Johnny Gardner (c. 1882 - c. 1953) was a notorious gangster and professional bank robber commonly known as "Dressed-up Johnny", whom the police described as the "ace of the safe crackers".

==Early career==
He was born on August 26, 1882, and was a native of Zanesville, Ohio. He had spent time in the Ohio State Prison at Columbus and the Illinois State Prison at Joliet. Johnny Gardner was described as a "notorious character" and a "gangster of the worst kind".

==Crime spree==
Gardner and his gang began terrorizing southern Illinois from 1919 to 1922, robbing banks and post offices across the country. He was around the age of forty years and had acquired the nickname "Dressed-up Johnny", being a noted robber. Gardner and his gang robbed a bank in Georgia of $42,000 and in 1921, Gardner conducted a $100,000 bank robbery at Chicago, which led federal authorities on a nationwide manhunt. The New York Times had referred to Gardner as a "SAFE CRACKING ACE".

Gardner and his gang were arrested in 1922 after a gunfight with Franklin County Sheriff's deputies. It was stated that Gardner was suspected of over twenty-five bank and post office robberies across the country. However, Gardner was somehow released on technicalities.

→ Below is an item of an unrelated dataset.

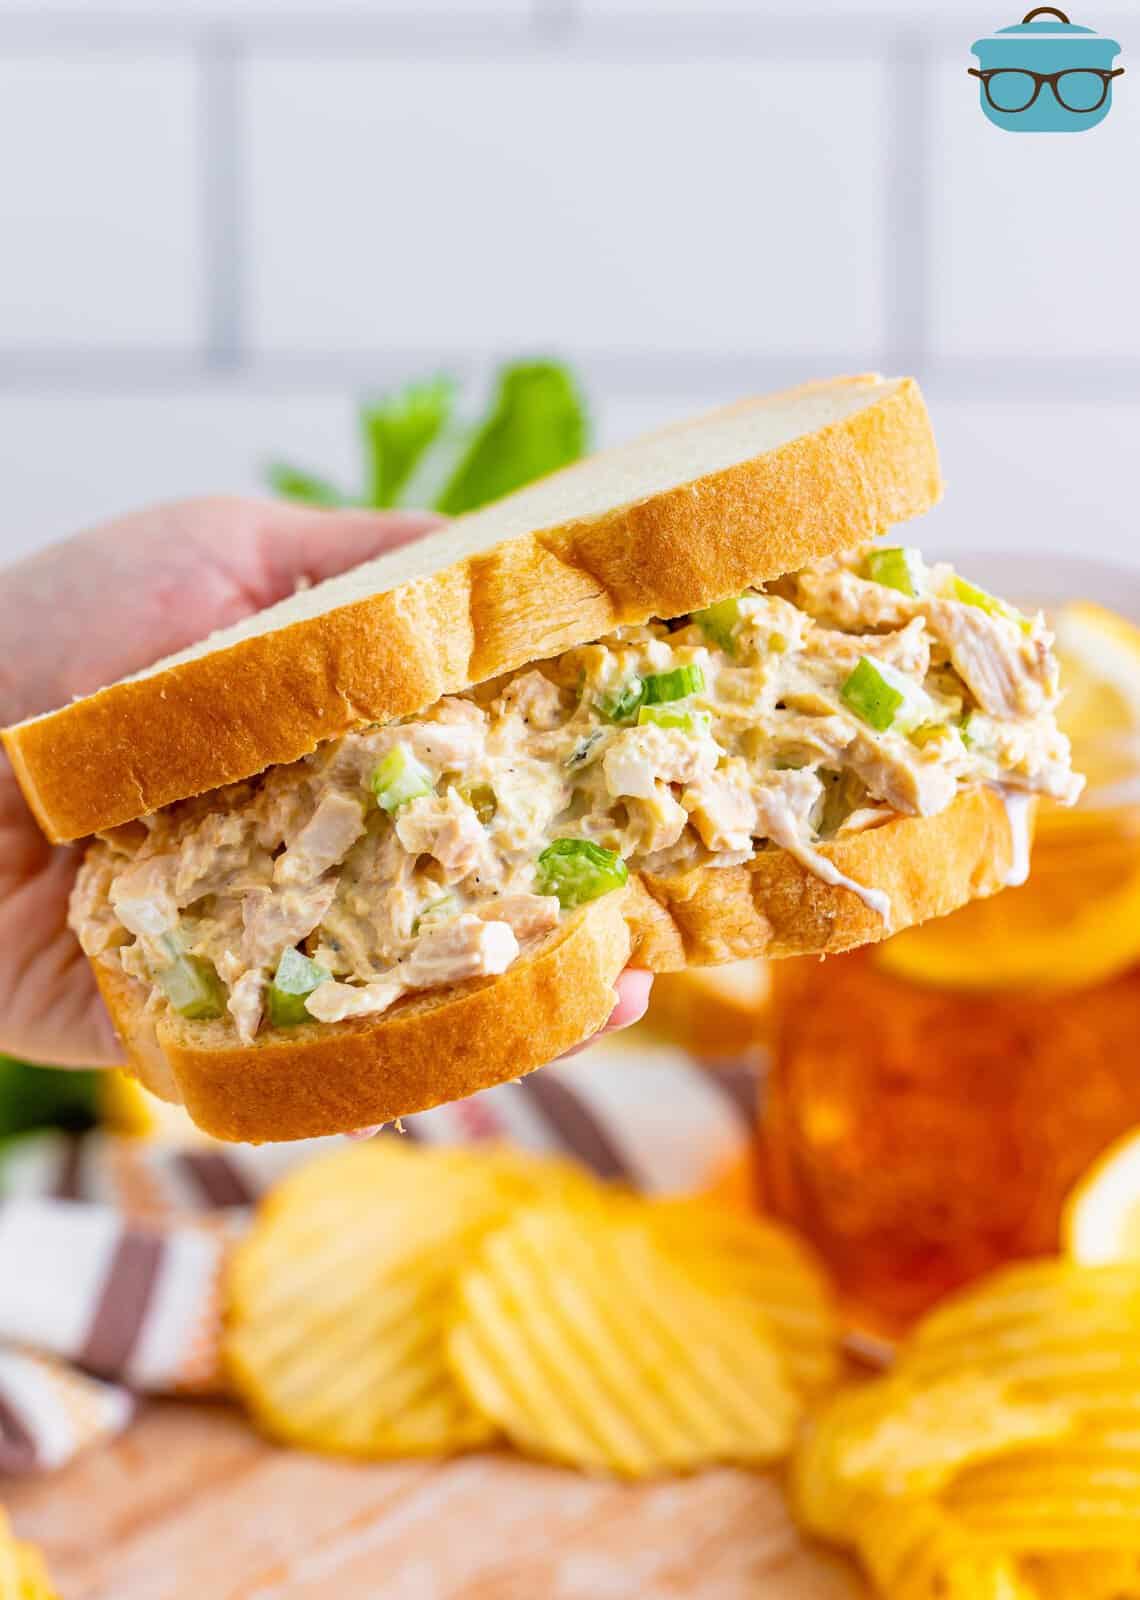 A hand holding a tuna salad sandwich.

==Syndicated bank robbery==
His life between 1923 and 1937 is elusive. It is believed that Gardner was associated with such unsavory characters of the East St. Louis mob, such as Buster Wortman, Clyde Nimerick, Blackie Armes, and Jimmy Murray. Gardner was believed to have been the leader of a gang of 50 to 100 bank robbers that were based in Vandalia, Illinois, and conducted bank robberies across the country. Gardner's organized crime was once described as "Syndicated Bank Robbery" in a journal.

==Prison life==
Gardner, at 56 years of age, was finally arrested in 1938 for a major Pennsylvania bank robbery. He was sent to Atlanta Federal Penitentiary but was transferred the next year in 1939 to Leavenworth Federal Penitentiary. However, the very next year in 1940 he was transferred to McNeil Island Federal Penitentiary where he remained until 1948 after serving ten years in three different prisons for bank robbery.

He was released in 1948 and his parole ended in 1953 when he was seventy-one years of age. It is unknown what happened afterwards. It is most likely that he died of natural causes, being one of the most mysterious and professional bank robbers in American history.